Carson Valley Correspondence – April 2016


Winter returned to us in March, after an incredibly warm and dry February. But alas, spring is inevitable, and all critters, humans included, emerge  from their caves in April looking for adventure!

Biking on Foothill Road & Carson River Road

A view from Carson River Road
                                                                                A view from Carson River Road

One of the most pleasurable things to do in the Carson Valley this time of year is to ride a bike! Opportunities abound for all levels of road and mountain bike enthusiasts. For our maiden voyage, Erik and I headed out Foothill Road to Fredricksburg and Carson River Road.

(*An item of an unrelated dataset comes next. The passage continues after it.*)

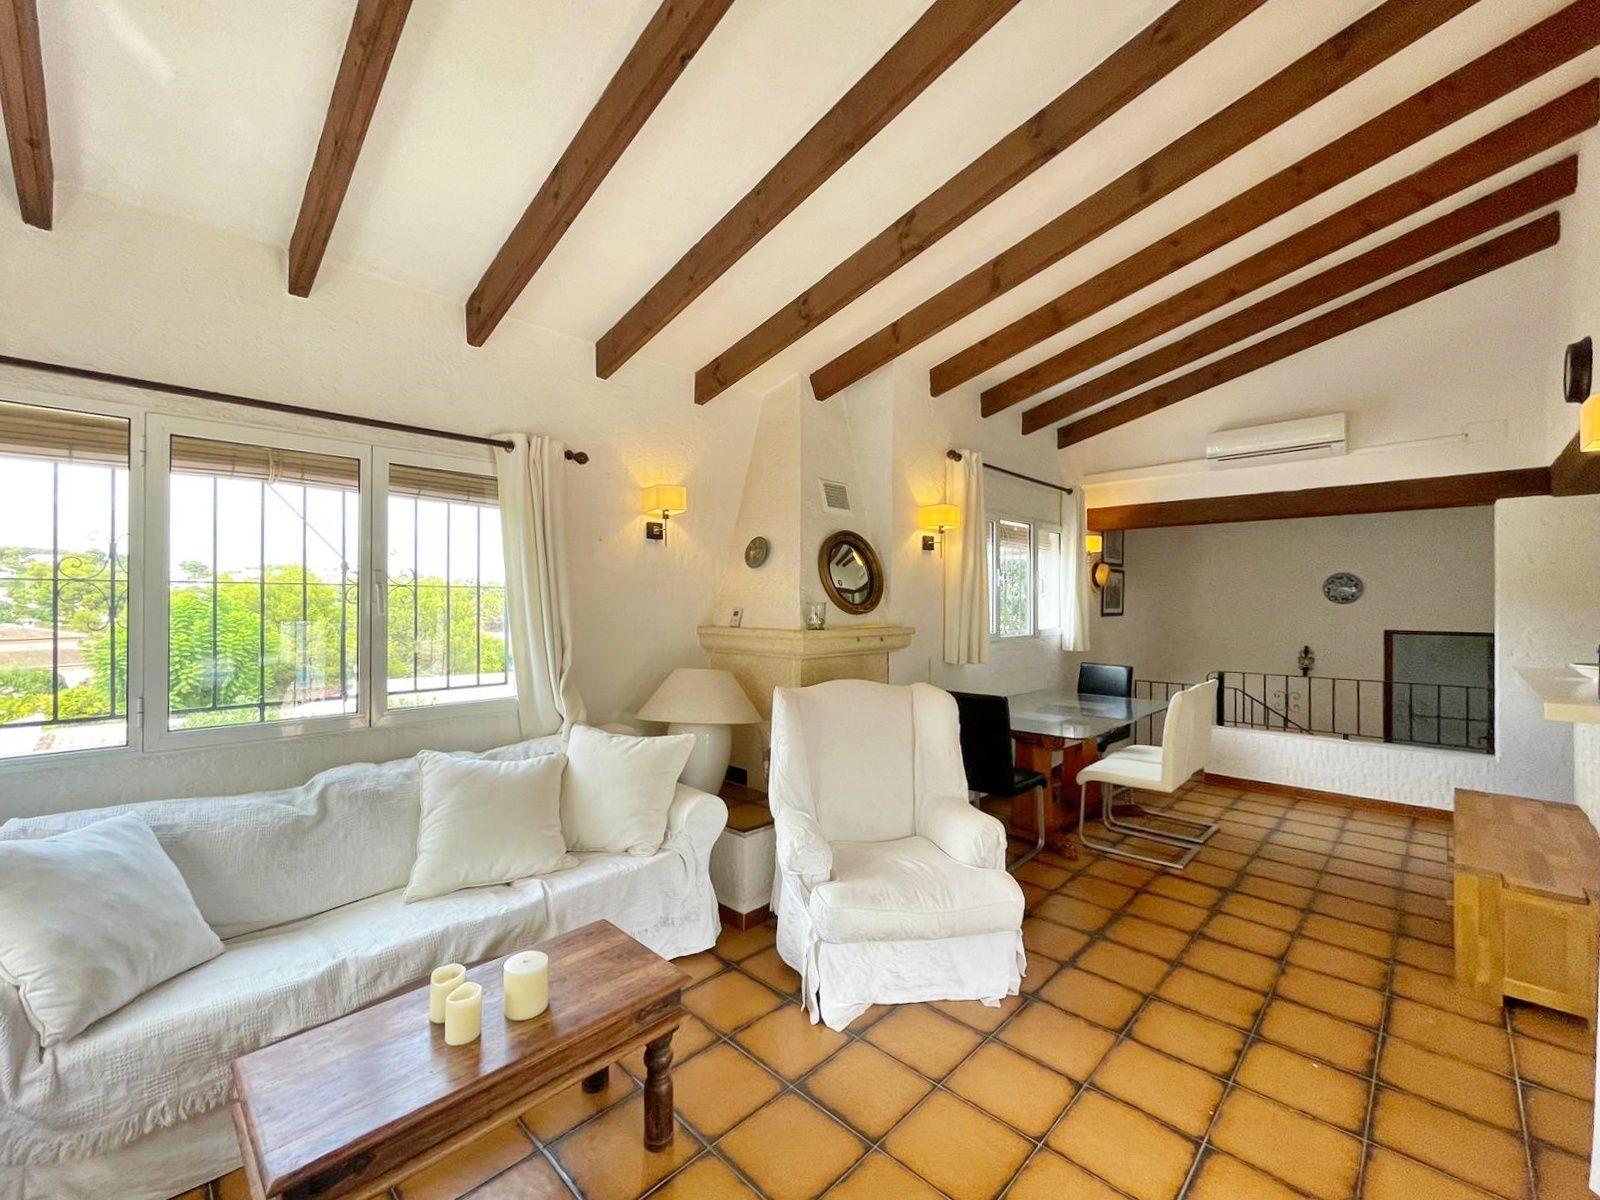 Long-term rental Villa with pool and enclosed garden, close to Moraira town

Very scenic and easily accessible, this ride gives a ton of bang for the buck! (For more information Click Here.)

If you are a rookie like us, don’t be intimidated by the bike jocks that invade this route; despite our commuter bikes and ragtag appearances, they were actually quite congenial. I even overheard one remark to another as they whizzed past us, “I really admire people who ride bikes like that “! For ride suggestions, the Alta Alpina cycling club has a great website (insert link).

Jobe's Peak
                                                                            View of Jobe’s Peak from Foothill Road

Hike of the Month — Rickey Canyon

View of Smith Valley and the Wassuk Range from the Rickey Canyon Trail
   View of Smith Valley and the Wassuk Range from the Rickey Canyon Trail

If you’re more interested in keeping your feet on the ground, there are plenty of fantastic hikes in the Carson Valley. For easily accessible, well-groomed and moderately well-traveled trails, see the CVTA website and previous Carson Valley Correspondence. Or for a uniquely Nevada-style adventure, step out of your comfort zone and go “outbacking.” Rickey Canyon can be accessed from Upper Colony Road in Smith Valley, NV. This well-marked BLM access point leads into the Burbank Canyon Wilderness Study Area, with fantastic views of rocky cliffs and distant mountain ranges (the Wassuk Range and beyond, the Sweetwaters, and the Eastern Sierra. Although much of the area has been burned in recent fires, there are vast slopes of beautiful well-established bunch grasses and pockets of enormous decadent mountain mahogany.

We encountered not another soul on our seven hour journey, and it was evident from the condition of the road that it had not been used by humans for months (only critter tracks marred the snow cover). On the way up Rickey Canyon, we were treated to an ungulate sighting (group of pronghorn antelope?), and five miles in, to breathtaking vistas of Topaz Lake, the East Walker River and the Sierra. The elevation gain makes this a tough and chilly trek, so bring a lunch, water and a coat and hat! And if you want to be able to walk the next day, be prepared to take some rest stops (ouch!).

Carson Valley Happenings:

The Carson Valley Visitor’s Authority website cannot be beat as a reference to local happenings catering to a variety of tastes and preferences, but I’ll highlight my favorites here.

The Carson Valley Arts Council  (CVAC) hosts a screamin’ series of art exhibits and concerts at the Copeland Gallery and CVIC Hall. This month’s trio of artists, Carolyn Denning, Cheyenne McAfee and NancyRaven, present an eclectic and imaginative grouping of art ranging from tinwork to pinhole photography. The CVAC concert offering this month is Run Boy Run, whose tunes range from lyrical to joyful and even raucous, playing April 22 at the CVIC Hall in Minden.

Cartoon by Erik Holland
                                               Cartoon by Erik Holland

Country music singer and wild horse advocate Lacy J. Dalton will be performing at the Carson Valley Inn April 8 at 7 pm, and there is a huge lineup of performers slated for the Genoa Cowboy Festival April 28-May 1.

Speaking of country, the Douglas County Commission voted recently to “amend” the Master Plan to allow increased residential density and commercial development on and around the Corley Ranch, a beautiful agricultural area near the Ruhenstroth community south of Gardnerville. This move has prompted many local residents to ask, “Why have a Master Plan?”